--- SUPPLIED MATERIAL ---

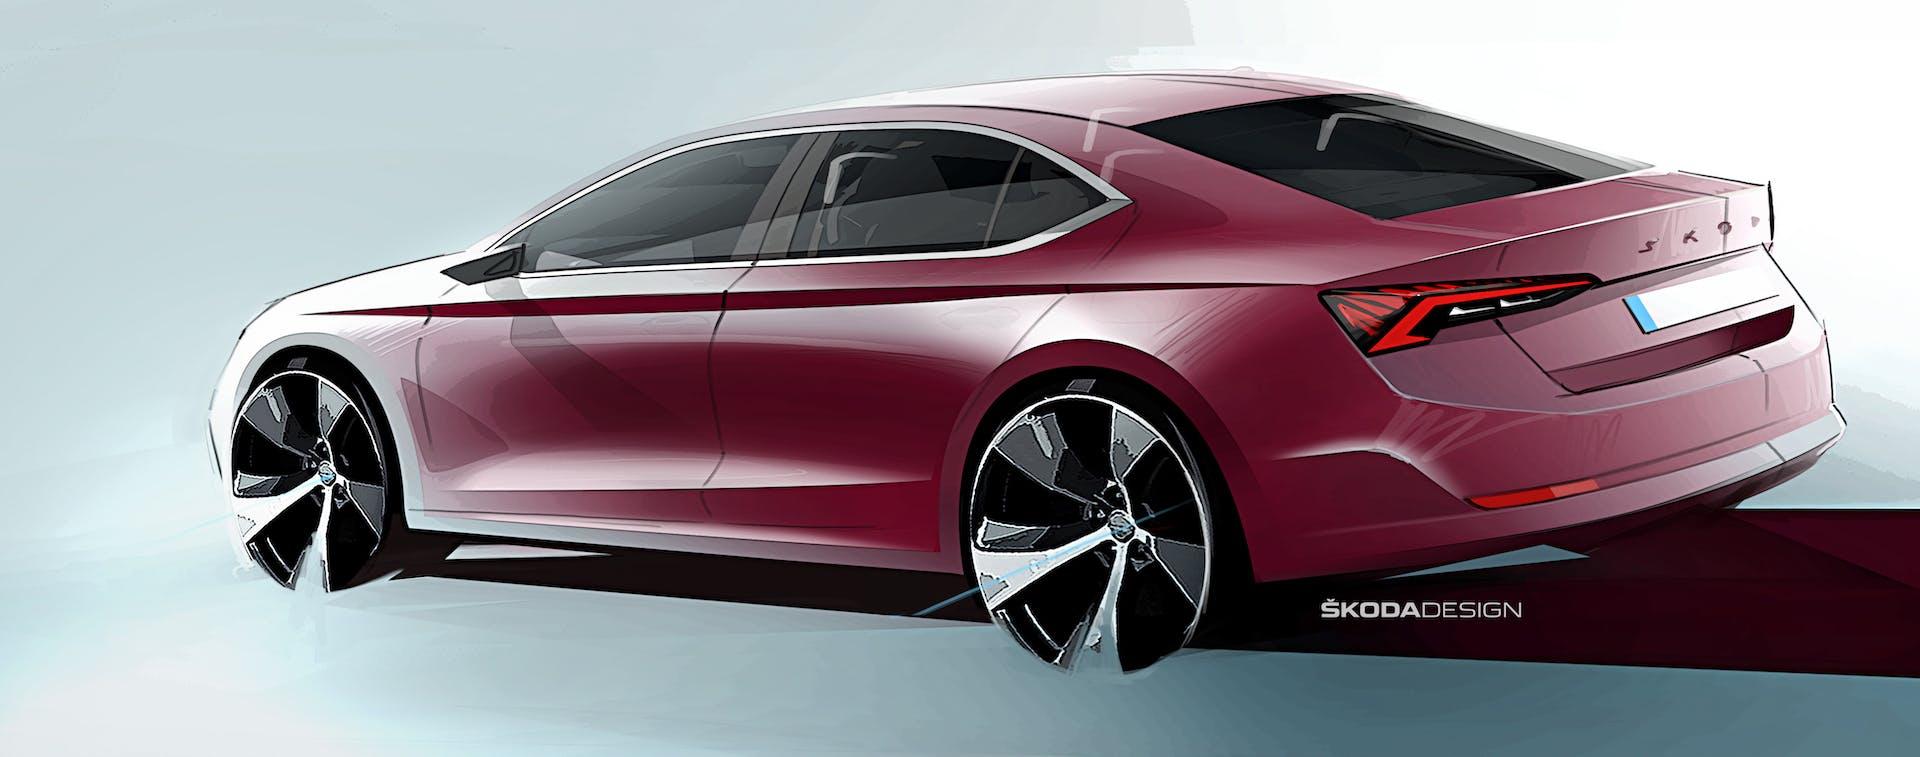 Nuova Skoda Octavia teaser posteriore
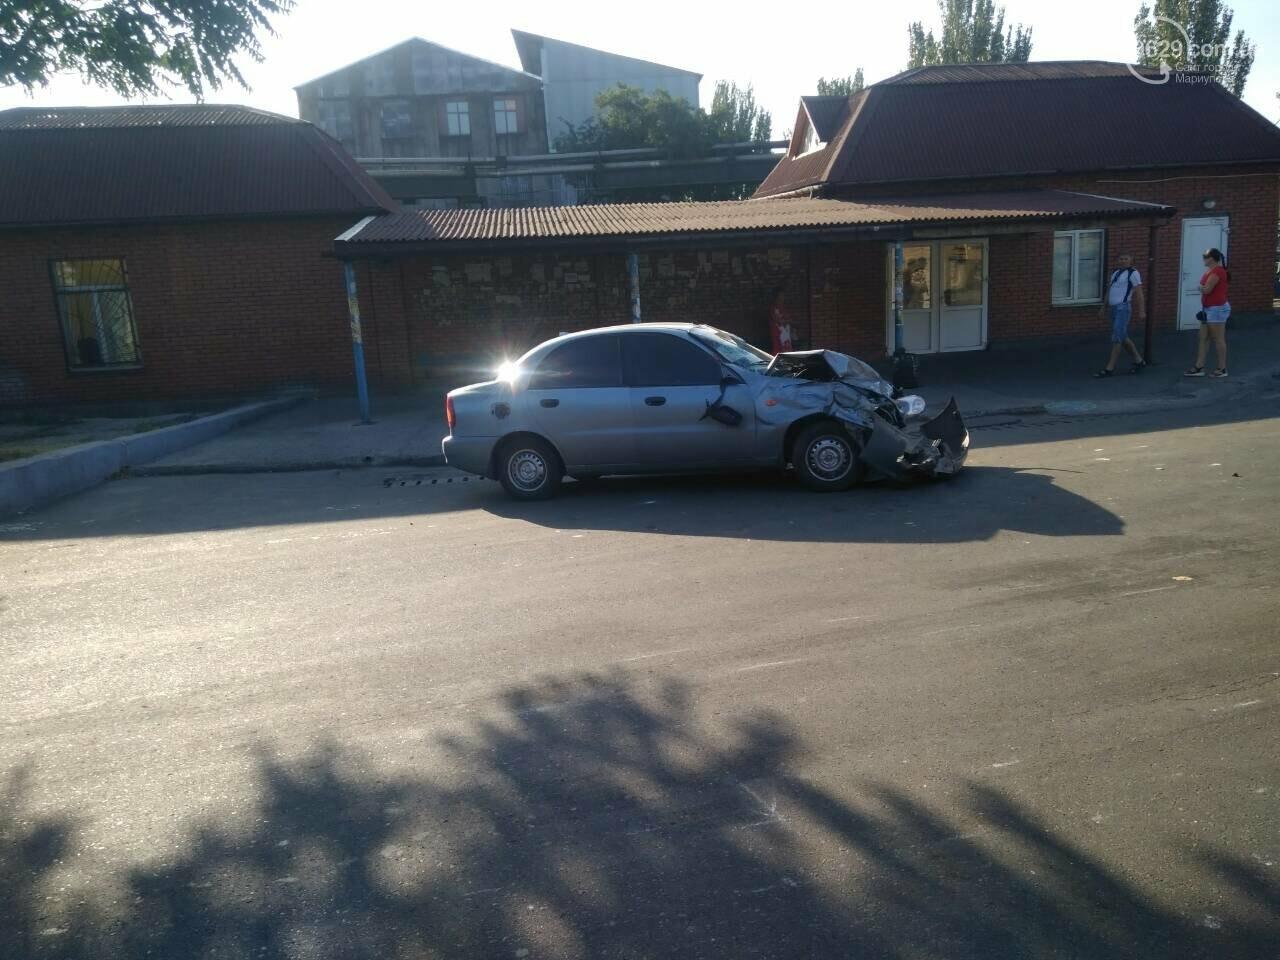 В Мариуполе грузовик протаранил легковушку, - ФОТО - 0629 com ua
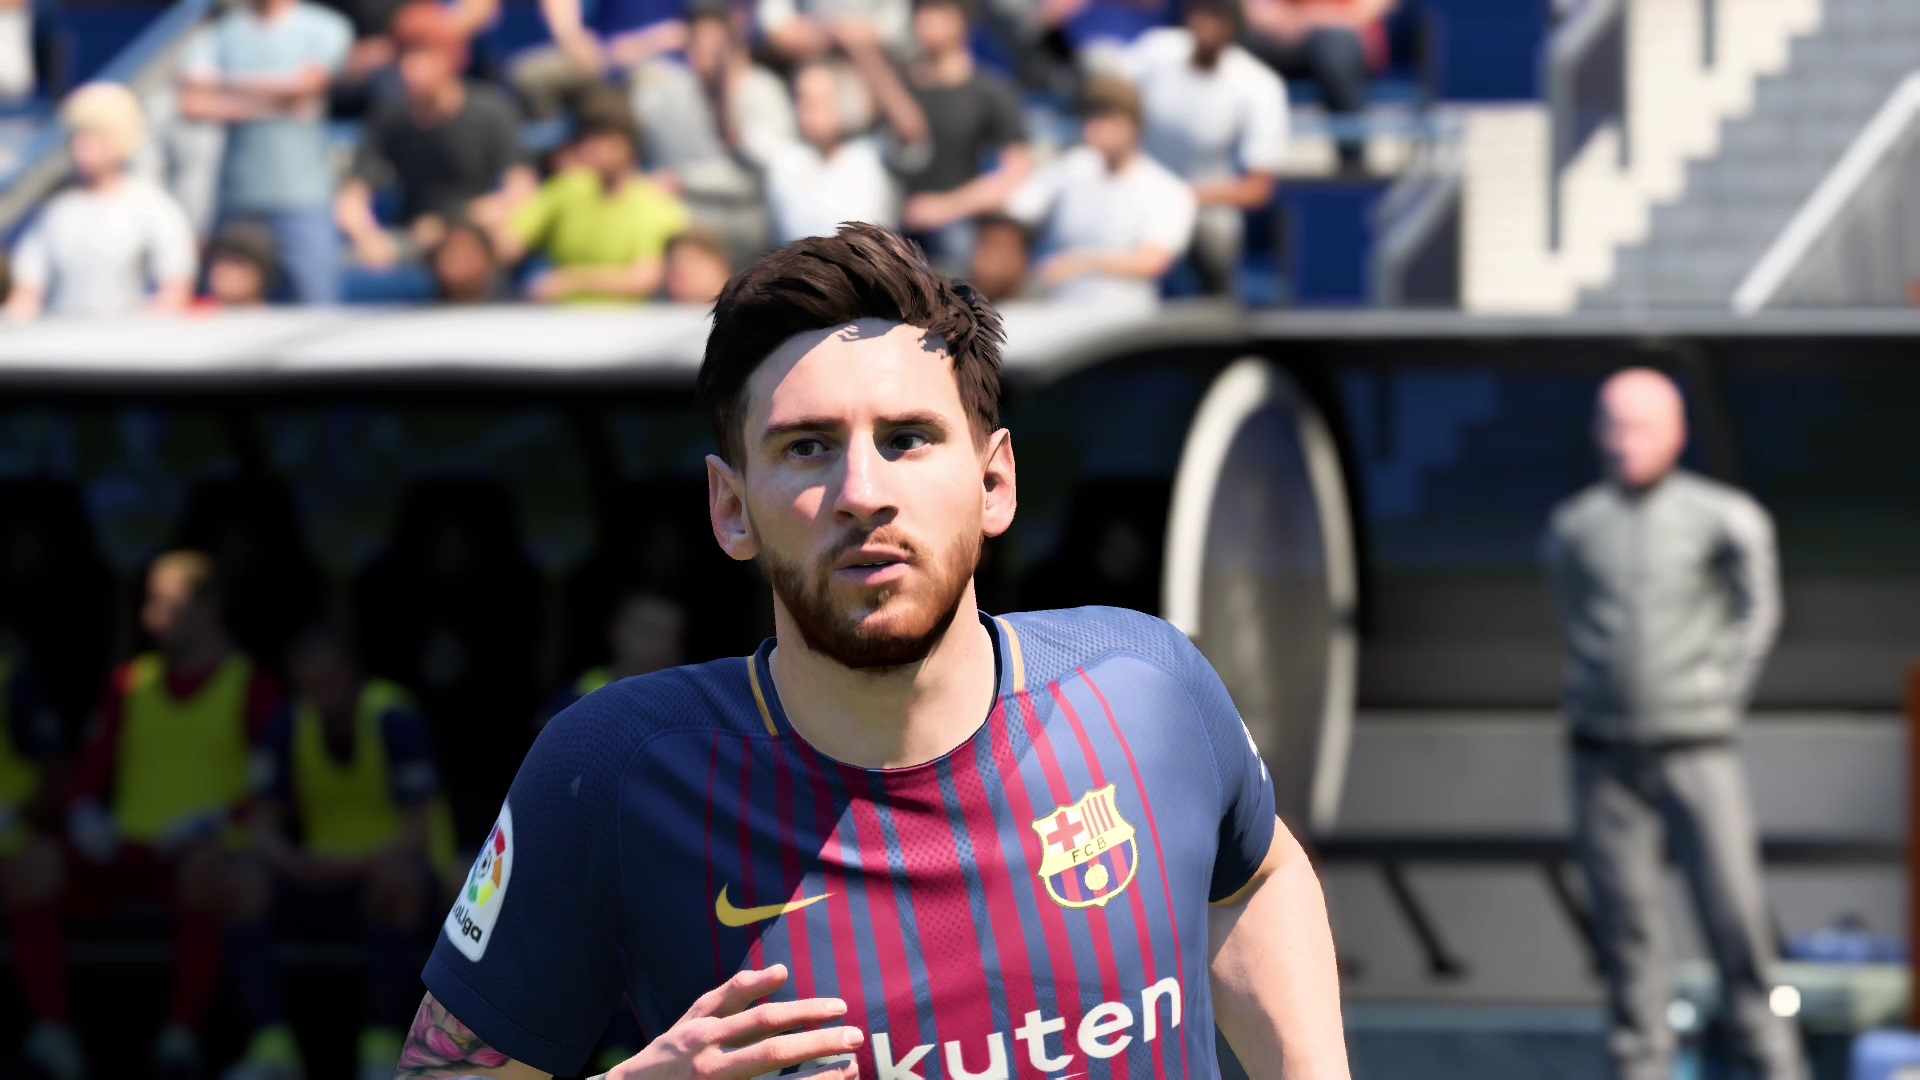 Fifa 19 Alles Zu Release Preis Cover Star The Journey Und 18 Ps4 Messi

---

Transcribe the lines above exactly, setting aside any picture among them.

 Nuova Skoda Octavia teaser posteriore
 В Мариуполе грузовик протаранил легковушку, - ФОТО - 0629 com ua
 Fifa 19 Alles Zu Release Preis Cover Star The Journey Und 18 Ps4 Messi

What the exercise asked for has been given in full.